It is easy to forget a sweet dream, but a frightening nightmare can last a lifetime. Have you ever stopped to think that maybe your nightmares are a gift in disguise? Finding that hidden nugget of gold they are trying to tell us can often stop the nightmare forever. If you have had a nightmare that was so horrific you were afraid to go back to sleep, good for you! Nagging nightmares do not terrorize us for fun; they actually have a positive purpose.

According to Harvard University Psychologist Deirdre Barrett, PhD, if nightmares weren’t helpful to our survival, they probably would have faded away with evolution. Barrett theorizes that nightmares act as the brain’s way of focusing attention on issues that need to be addressed.1

A nightmare may be a call to action to revisit a painful childhood incident so you can heal, or even help you overcome a current challenging situation. This makes your dream world the perfect opportunity to try out new solutions to an old problem. Or, the frightening emotion with which you awake could be a piece of something bigger, such as a future occurrence. 

A Latin proverb dating from the 16th century says ‘praemonitus, praemunitus,’ which loosely translates as ‘forewarned is forearmed.’2 Might our nightmares be arming us? Could this be our gift in disguise? The key to help us find solutions is to remember the details between our many nightly dreams. 
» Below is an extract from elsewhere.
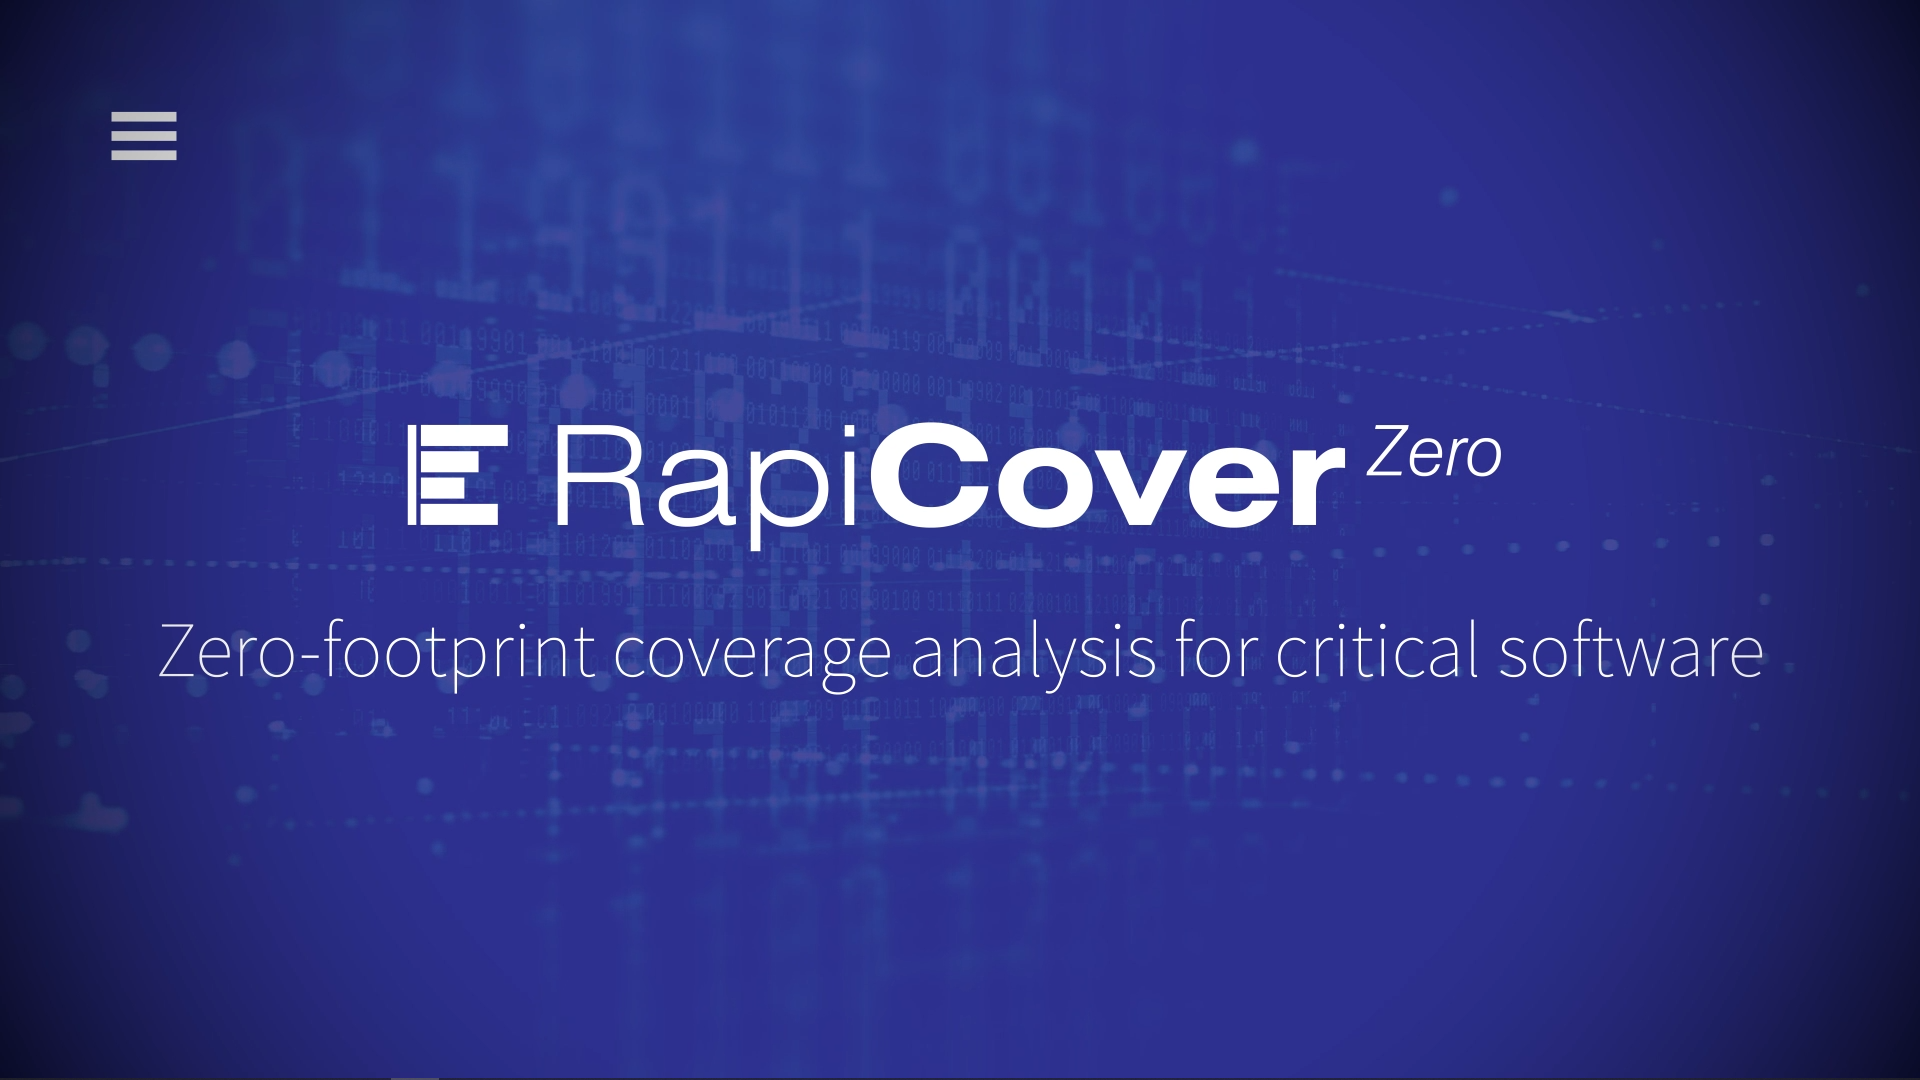 Zero footprint coverage analysis with RapiCover Zero Thumbnail

We shift in and out of our dream doors approximately four to six times during the night.3 Between our dream cycles, in the deep sleep level of REM (rapid eye movement), we can experience our most significant nightmares. But what is the reason for a nightmare so disturbing that it wakes us in the middle of the night? 

Nightmares have three essential purposes: They get our attention using fear because fear works. Then they keep our attention by making the experience unforgettable, thereby gifting us important information for our waking world. Lastly, their dream guidance could be a call-to-action with specific verbal directions, thus, the golden nugget. 

Nightmares can guide us to making a positive change in our lives, like reminding us of a vital childhood event, so we don’t make the same painful mistake as an adult. All our life challenges, no matter how sad, were – and still are – learning experiences. 

Bad dreams can be personal gifts from your inner-self that benefit your waking life. Embrace your nightmare’s gifts in disguise, decipher its meaning and message, follow the call to action, and thank your dreams for the opportunity to use this seemingly fearful information to live a more joyful life.